Here is a link I found on google.. There is some good talk towards the bottom of the page about graphite and how it makes the epoxy less rigid once cured if anyone cares to read. Other good stuff too, but it's a wood boat forum..

http://forum.woodenboat.com/showthread.php?77424-Should-I-graphite-my-hull


----------



## DavidIvey (Nov 26, 2011)

Well that was water coming out of the cracks.. Upon closer inspection I noticed that I could removed more of the gelcoat and a wee bit of fiberglass. So the gouge turned in to a scrape. I also had to remove the wet foam on the other side and this is a pain.

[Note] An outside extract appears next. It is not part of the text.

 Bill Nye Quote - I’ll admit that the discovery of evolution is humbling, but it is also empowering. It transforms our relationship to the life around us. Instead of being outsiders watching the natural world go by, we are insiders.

Im still not done removing all the foam, but I have removed it from behind the scrape. Also the old glass is fairly flimsy in this area.

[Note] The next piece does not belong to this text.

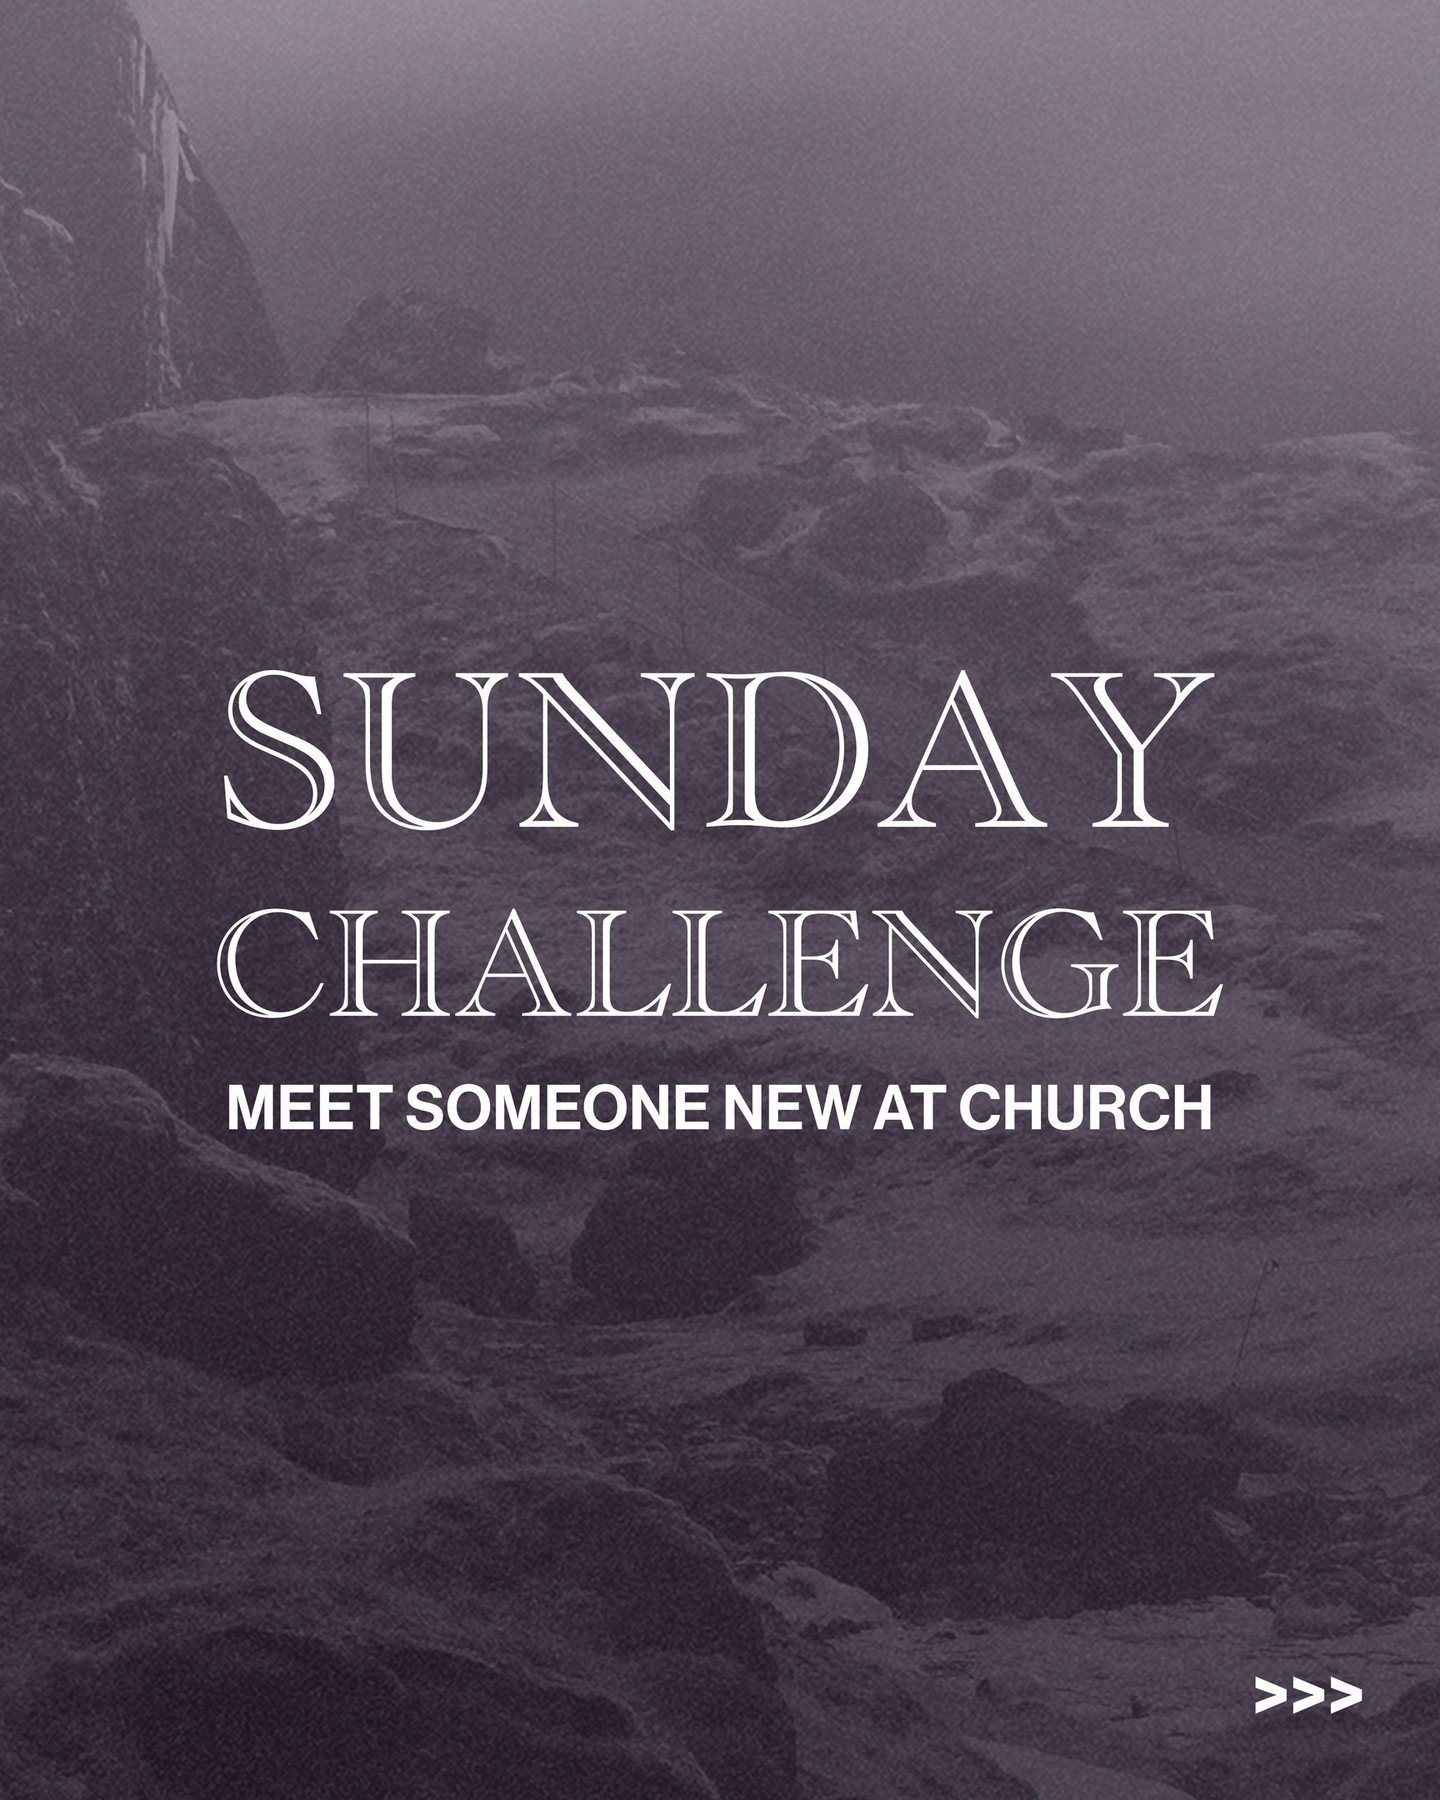 We want to challenge you to get out of your comfort zone and meet someone new at church this weekend! Here are some ways to start a conversation!

I plan to remove all the foam, clean and sand the area and laydown two layers of 1700 biax behind the scrape. On the outside of the hull I will glass and fill in the scrape. As for the small stress cracks I have gouged them will a small cutting wheel on my Dremel to enable the filler to actually get into the crack.

Anyone have any suggestions? Or is this ok?

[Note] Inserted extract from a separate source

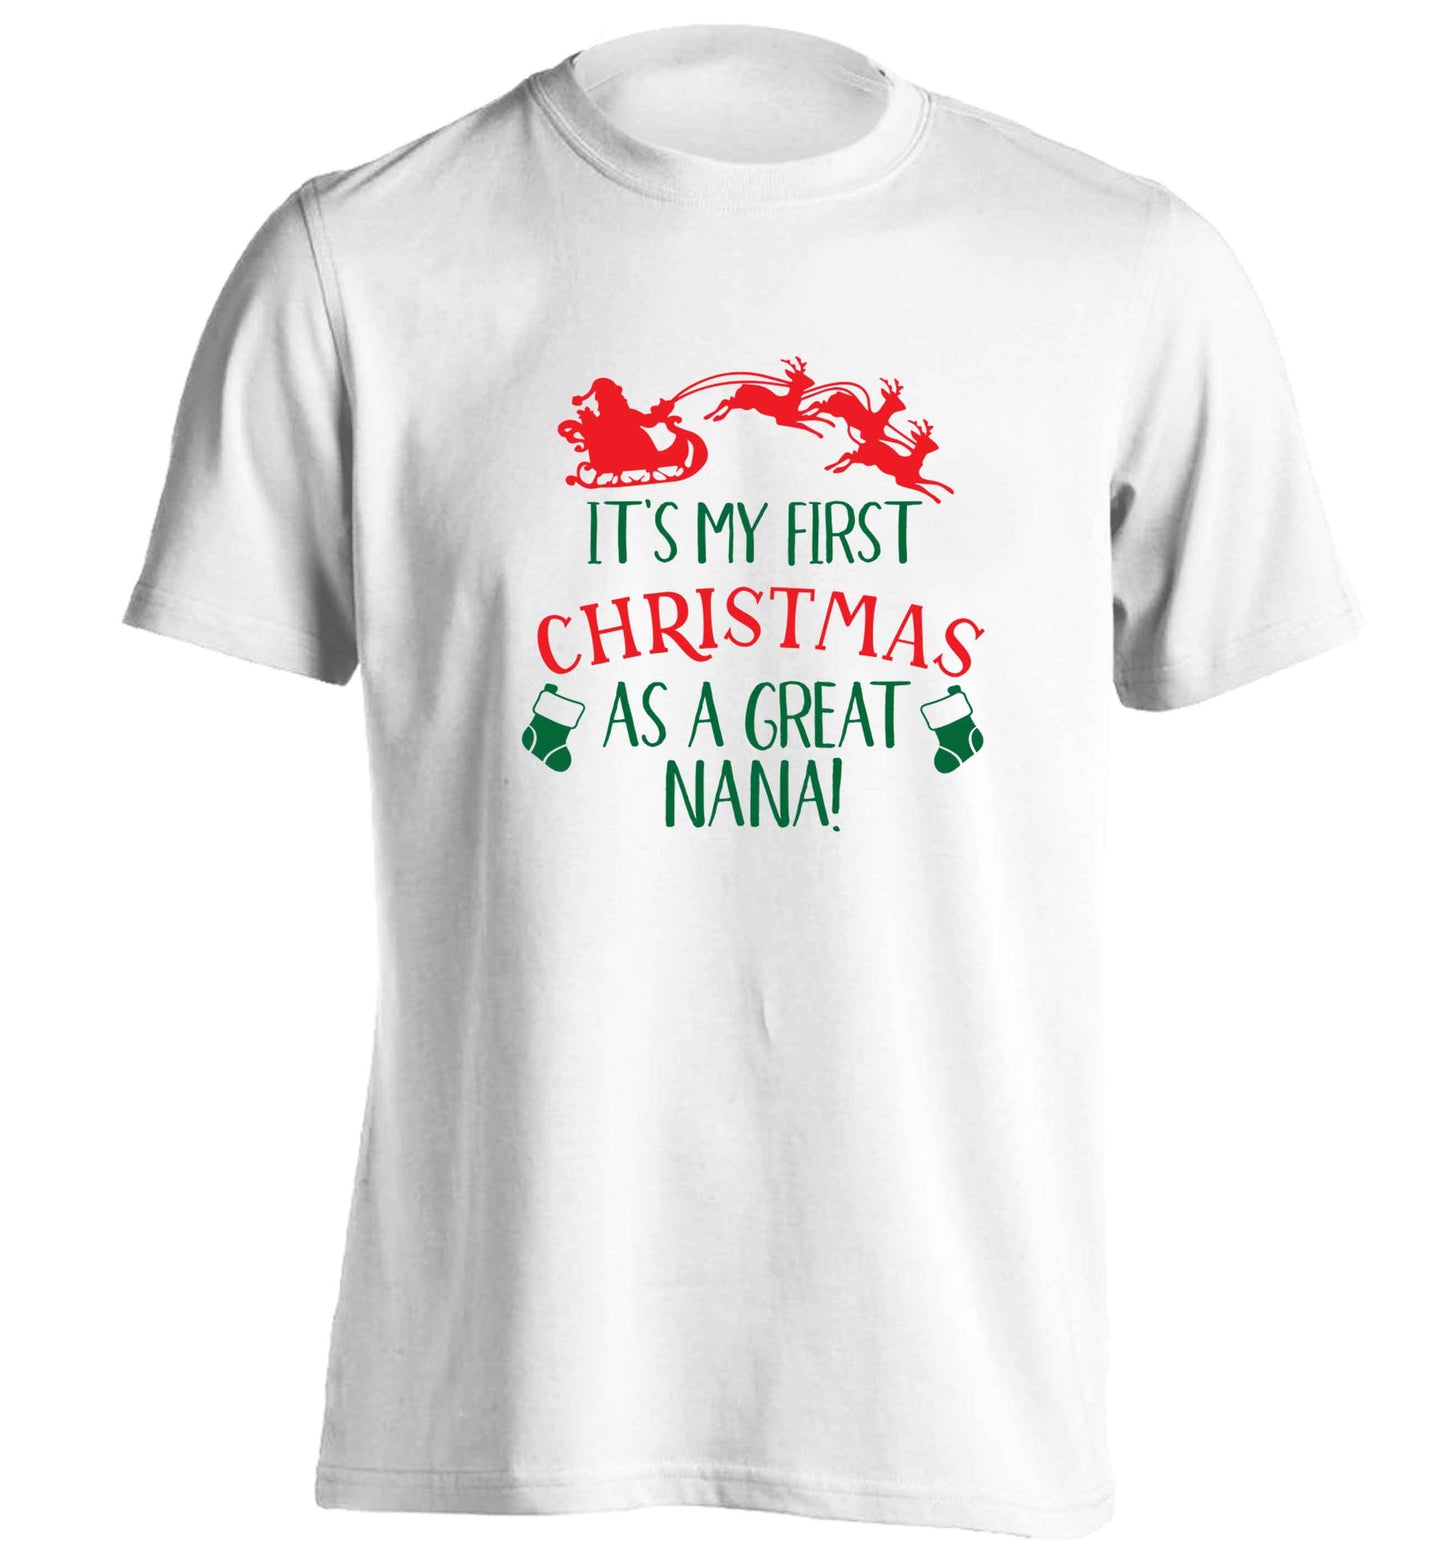 It's my first Christmas as a great nana! adults unisex white Tshirt 2XL

This sucks..now I cant fish tomorrow!!!!!!


----------



## Brett (Jul 16, 2008)

SD, don't over think this....it's a fiberglass boat, with a little time and effort you'll get it done.
If you don't like how the repair looks, after the first time, you'll know how to do it better.
You will learn more from mistakes than getting it right the first time. It's how I learned.
Just remember rule #1: If you're getting dirty, you're doing it wrong.


----------



## DuckNut (Apr 3, 2009)

Graphite is used for reducing frition such as for sliding over vegiatation.

Aluminum powder is for abrasion resistance. It is product 420 on West System.


----------



## DavidIvey (Nov 26, 2011)

> SD, don't over think this....it's a fiberglass boat, with a little time and effort you'll get it done.
> If you don't like how the repair looks, after the first time, you'll know how to do it better.
> You will learn more from mistakes than getting it right the first time. It's how I learned.
> Just remember rule #1: If you're getting dirty, you're doing it wrong.


Yeah, Im not too worried about how it looks, just as long as it's functional! ;D

There wasn't really another choice besides removing the wet foam. So I had to cut into it. I got the foam out from over the scrape and cleaned it up as much as I could. To be honest this boat needs to be taking down to just the hull and redone. It's lacking flotation... :-[

I was actually talking to some one back home about the boat and they don't understand why I just don't buy a used Gheenoe. :-/


----------